Set to begin processing customer brines in January 2026, the plant will accept tanker deliveries of up to 30m³ of brine and deliver an asset-specific commercial design package within two to three months. That package includes projected lithium recoveries and impurity rejection, water and energy use, detailed plant layout and equipment lists, CapEx/OpEx estimates, modeling for variable brine conditions, and a fixed-price, performance-guaranteed proposal for a full denaLi DLE plant.
By hosting demos at its own site rather than in the field, Summit claims it can cut typical demo timelines by 75% and costs by 90%, giving customers a faster path to final investment decision. “Our goal is to de-risk commercial plant design … without the time, complexity, and cost of a field demo,” said founder and CEO Amanda Hall.
Summit says its modular DLE system and North America–engineered sorbent are already operating in Chile, Argentina, and the U.S., emphasizing reliability, efficiency, and water performance. The company is currently running a field demonstration plant in Chile and spent the past year validating commercial-height columns and high-performance sorbent at a U.S. facility, milestones the firm says support its commercial readiness.
Today’s announcement follows a $36.5 million raise in March to accelerate commercialization of Summit’s DLE technology, and recent executive bench-strengthening including the appointment of Joe Arencibia as president and COO in April.

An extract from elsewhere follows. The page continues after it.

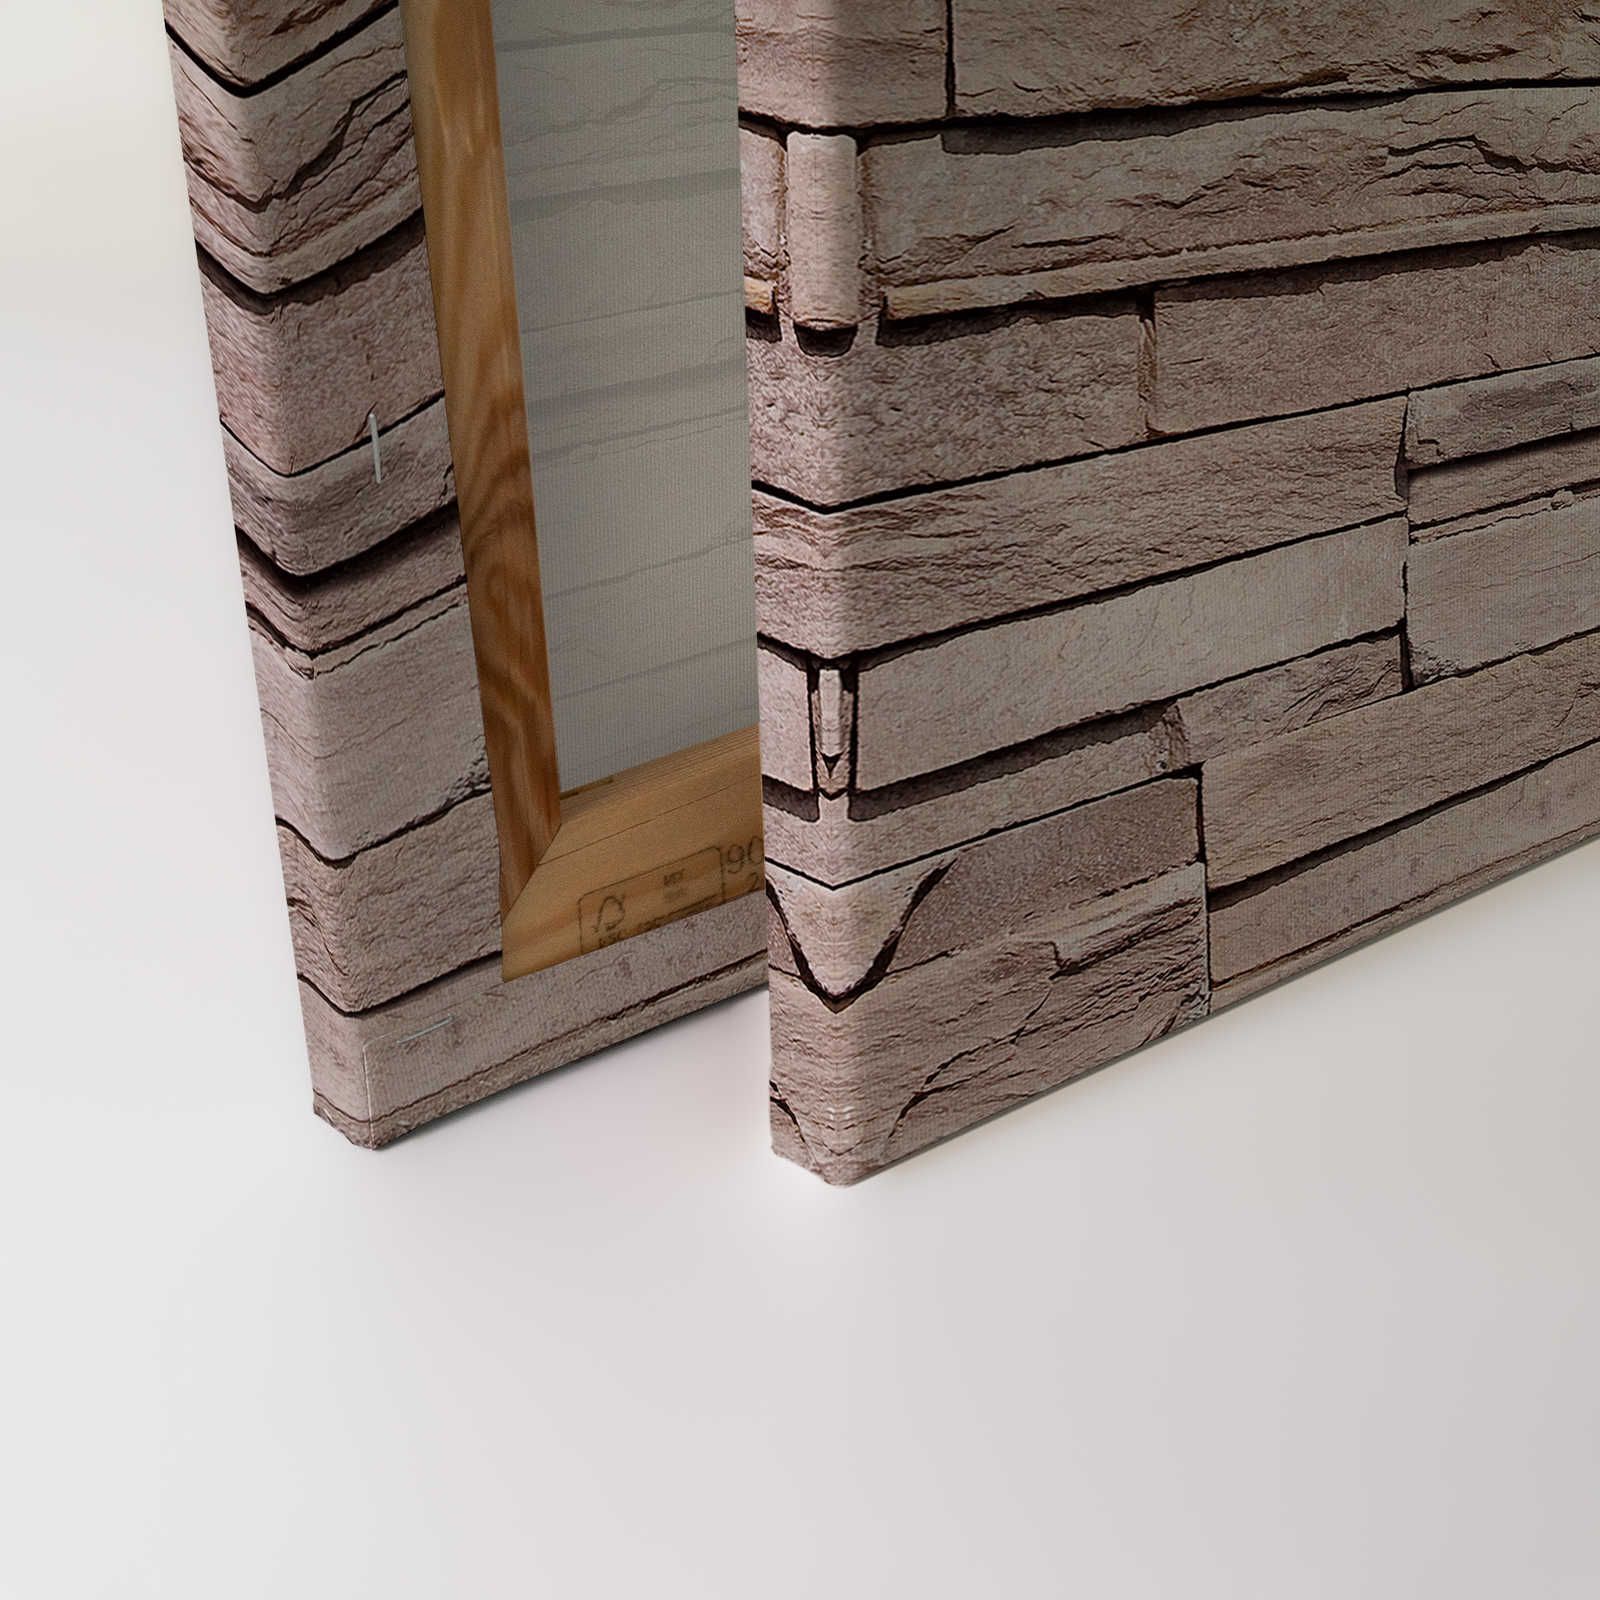             Leinwandbild 3D Steinoptik, hellbraune Trockenmauer – 0,90 m x 0,60 m
        
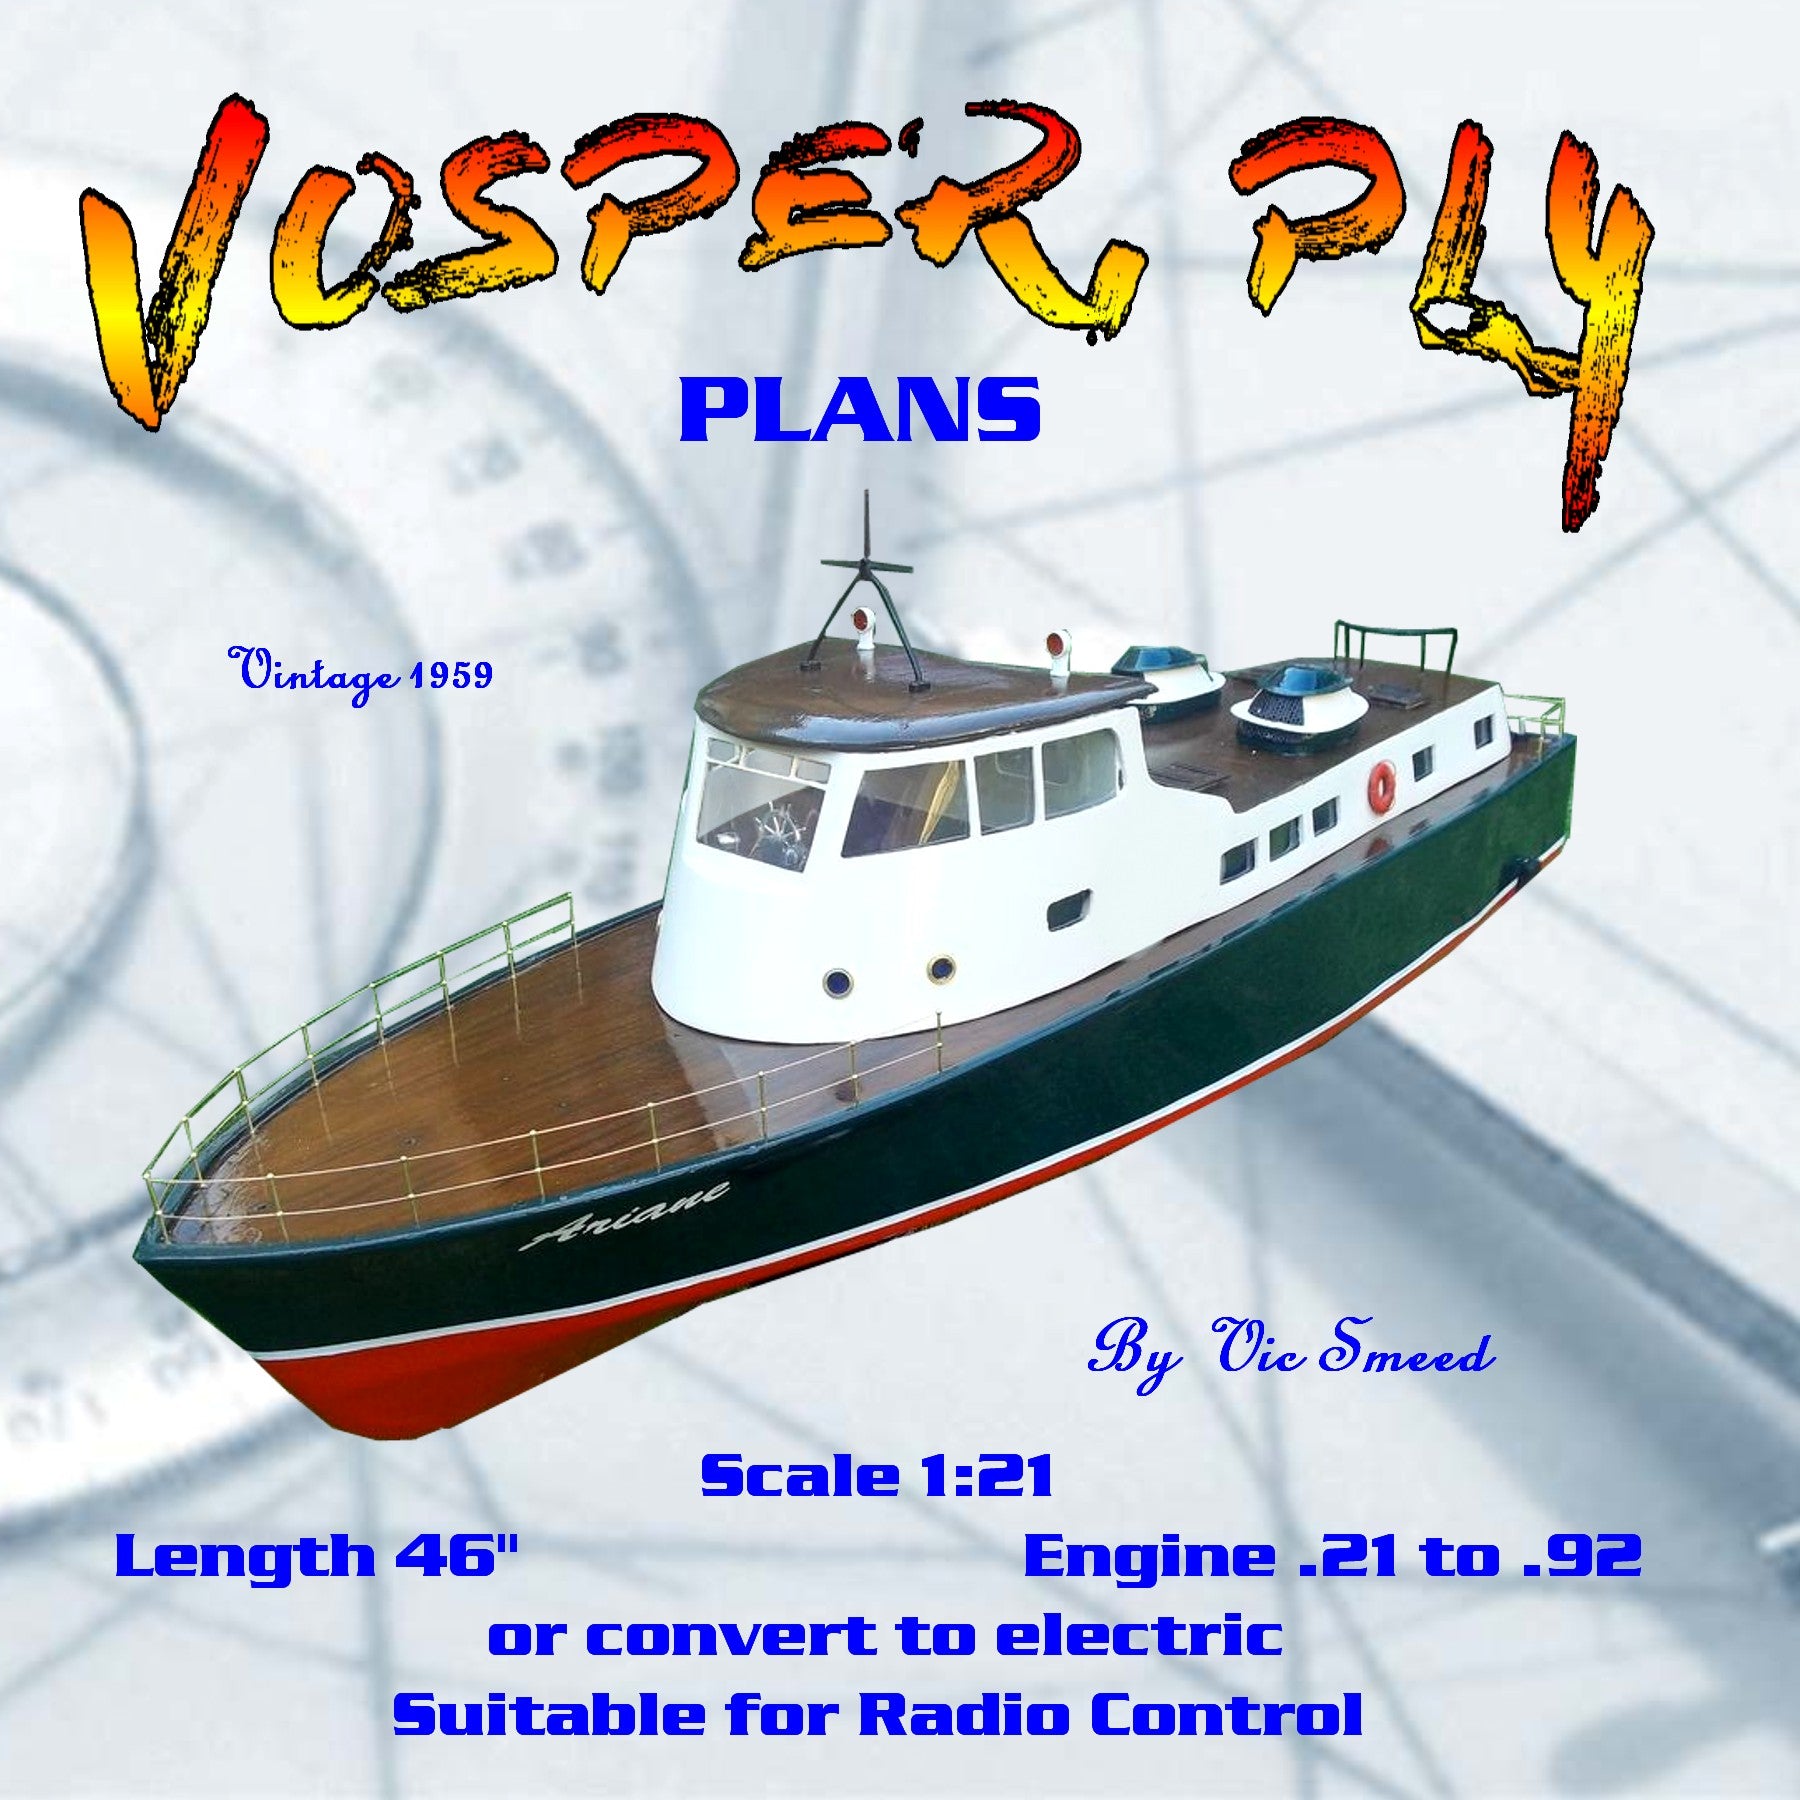 full size printed plan vintage 1959 scale 1:21 80 ft. personnel launch "vosper, pl4

Why it matters (for Alberta and beyond): Lithium developers often rely on lengthy, capital-intensive field pilots to secure engineering data, vendor guarantees, and bankability. If Summit’s Santiago model delivers reliable, performance-guaranteed designs in weeks rather than months, it could speed the pipeline of DLE projects across the Lithium Triangle and the U.S.—with engineering and IP anchored by a Calgary cleantech.